Differentiable and Stable Long-Range Tracking of Multiple Posterior Modes
This addresses the problem of robust multimodal tracking in AI/robotics, offering a novel solution with strong empirical gains.
The paper tackles the problem of tracking multiple posterior modes in high-dimensional observations like images by developing a discriminative particle filter that learns particle-based representations of uncertainty via deep neural network encoders. The result is a method that achieves dramatic improvements in accuracy and stability on challenging tracking and robot localization problems.

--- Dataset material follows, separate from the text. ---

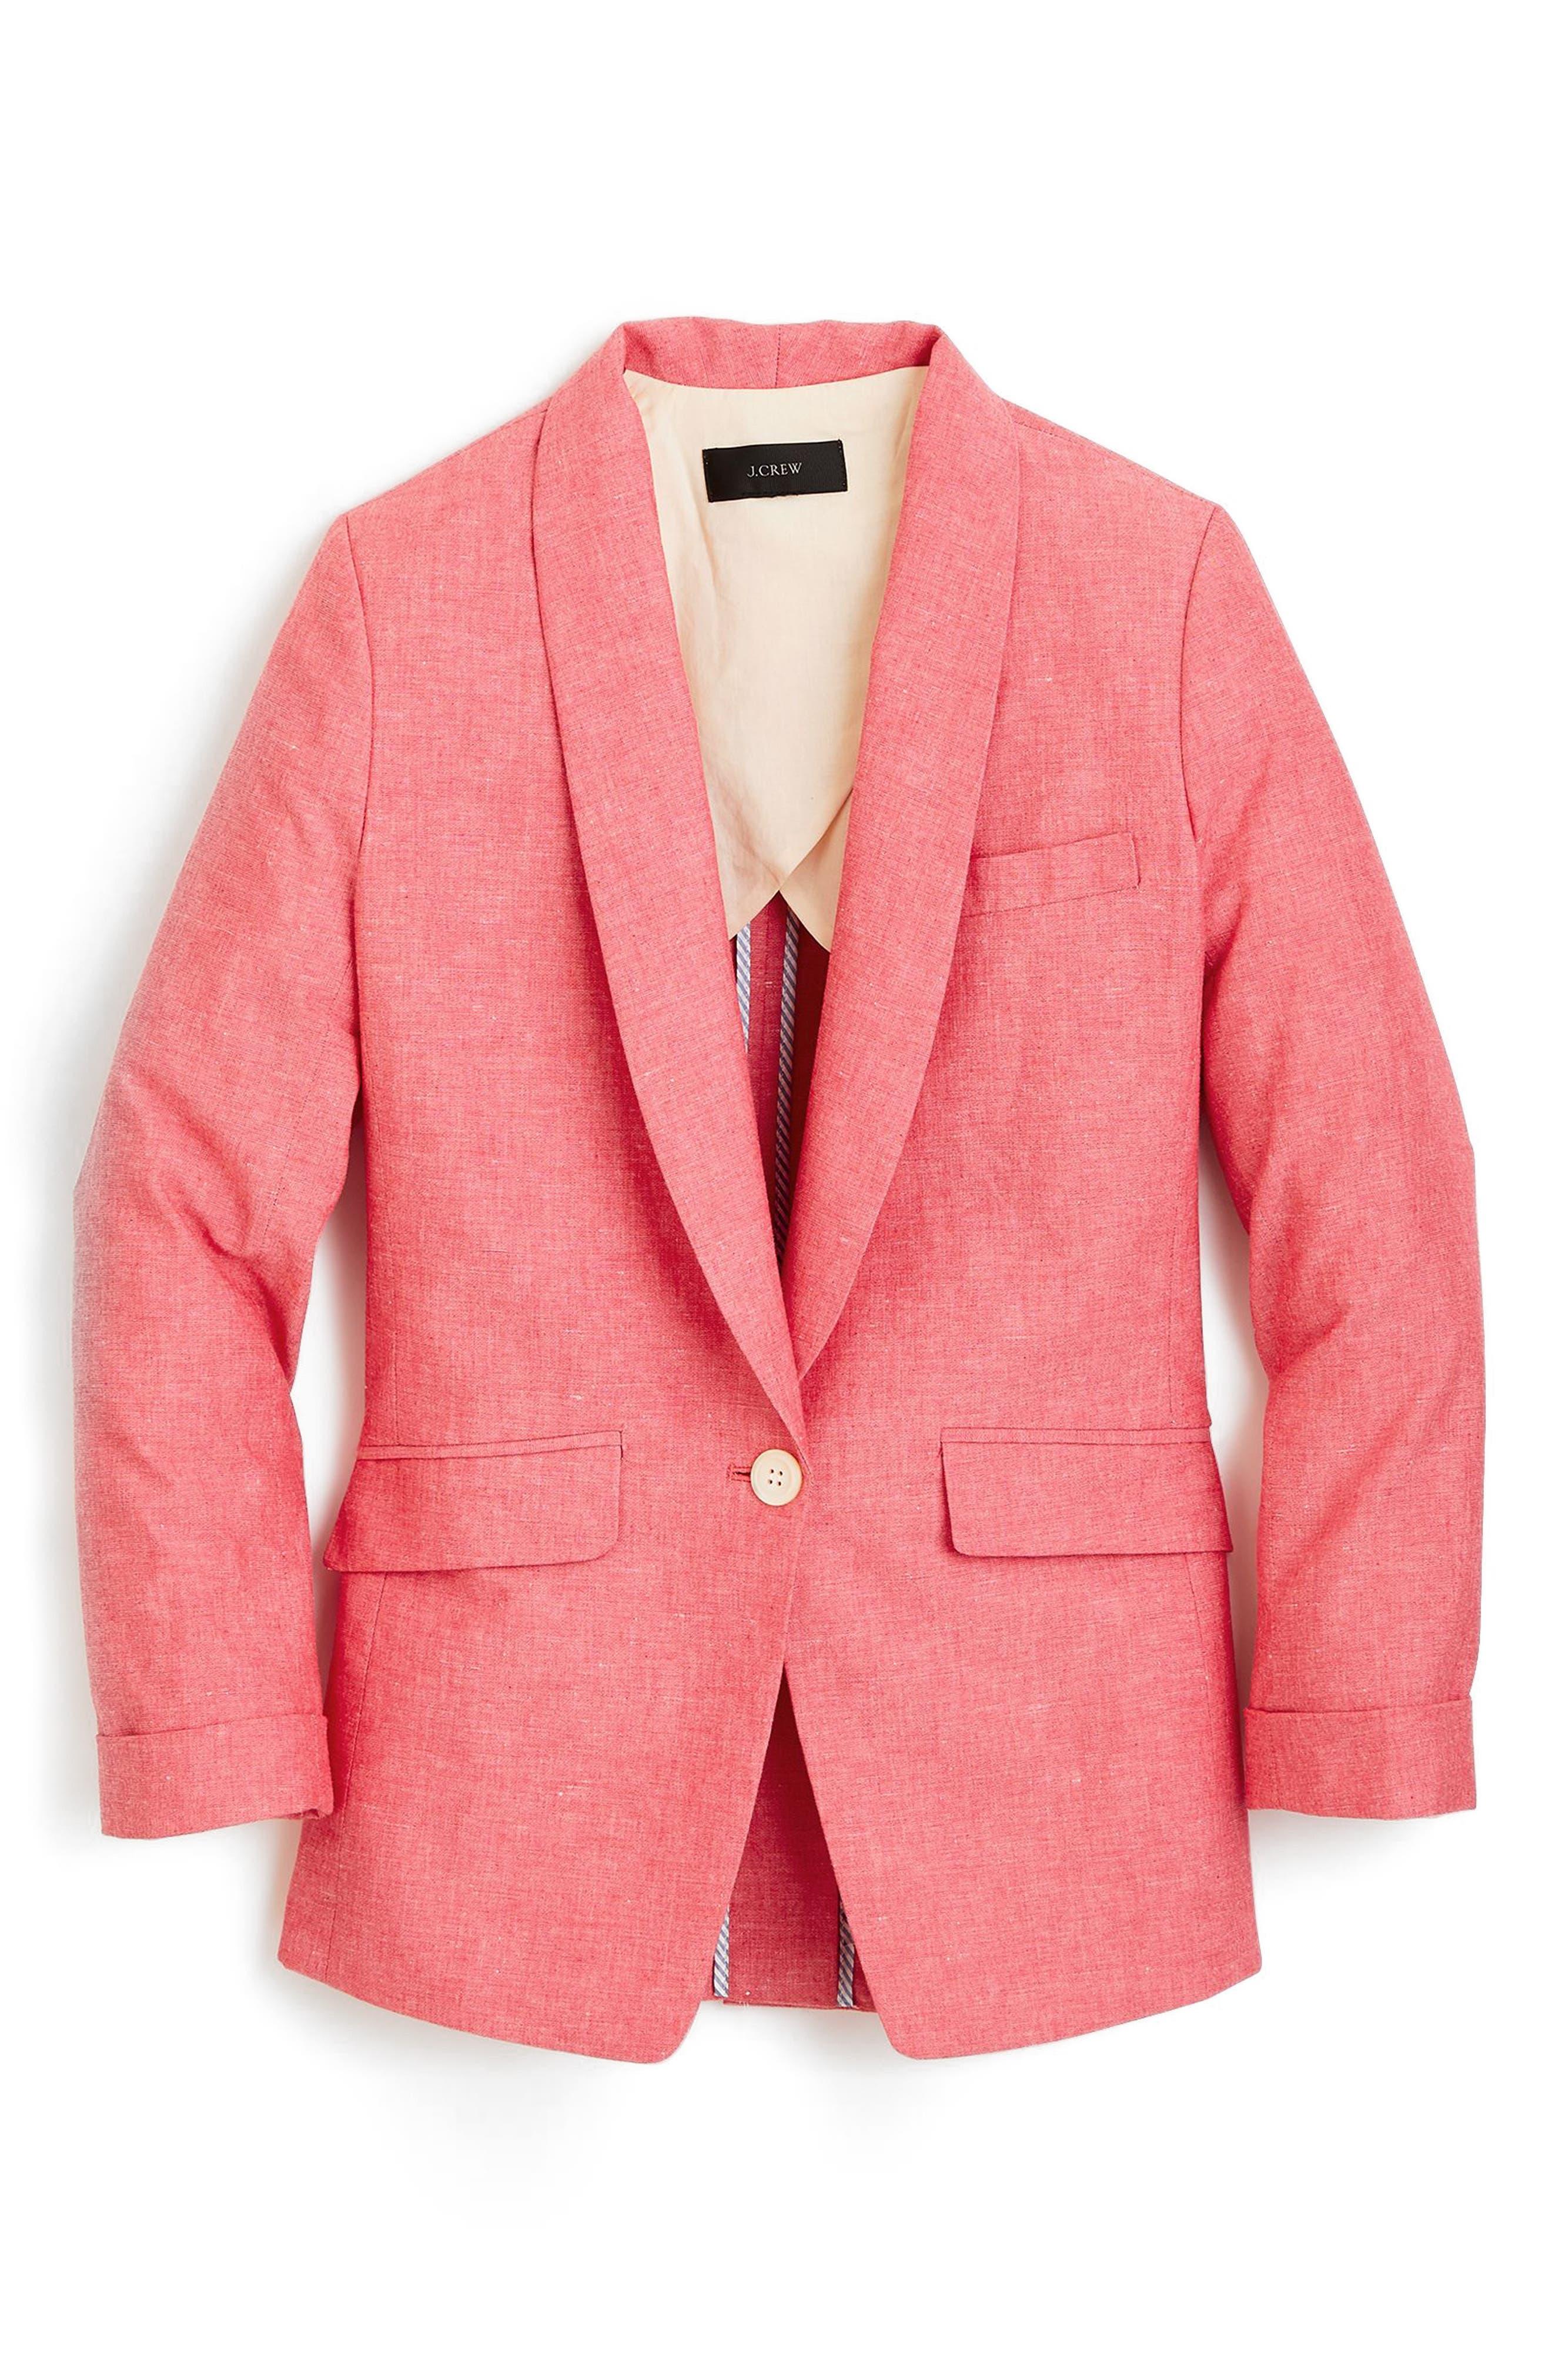 J.Crew Unstructured Shawl Collar Cotton Linen Blazer,                         Main,                         color, Firecracker Red

Particle filters flexibly represent multiple posterior modes nonparametrically, via a collection of weighted samples, but have classically been applied to tracking problems with known dynamics and observation likelihoods. Such generative models may be inaccurate or unavailable for high-dimensional observations like images. We instead leverage training data to discriminatively learn particle-based representations of uncertainty in latent object states, conditioned on arbitrary observations via deep neural network encoders. While prior discriminative particle filters have used heuristic relaxations of discrete particle resampling, or biased learning by truncating gradients at resampling steps, we achieve unbiased and low-variance gradient estimates by representing posteriors as continuous mixture densities. Our theory and experiments expose dramatic failures of existing reparameterization-based estimators for mixture gradients, an issue we address via an importance-sampling gradient estimator. Unlike standard recurrent neural networks, our mixture density particle filter represents multimodal uncertainty in continuous latent states, improving accuracy and robustness. On a range of challenging tracking and robot localization problems, our approach achieves dramatic improvements in accuracy, while also showing much greater stability across multiple training runs.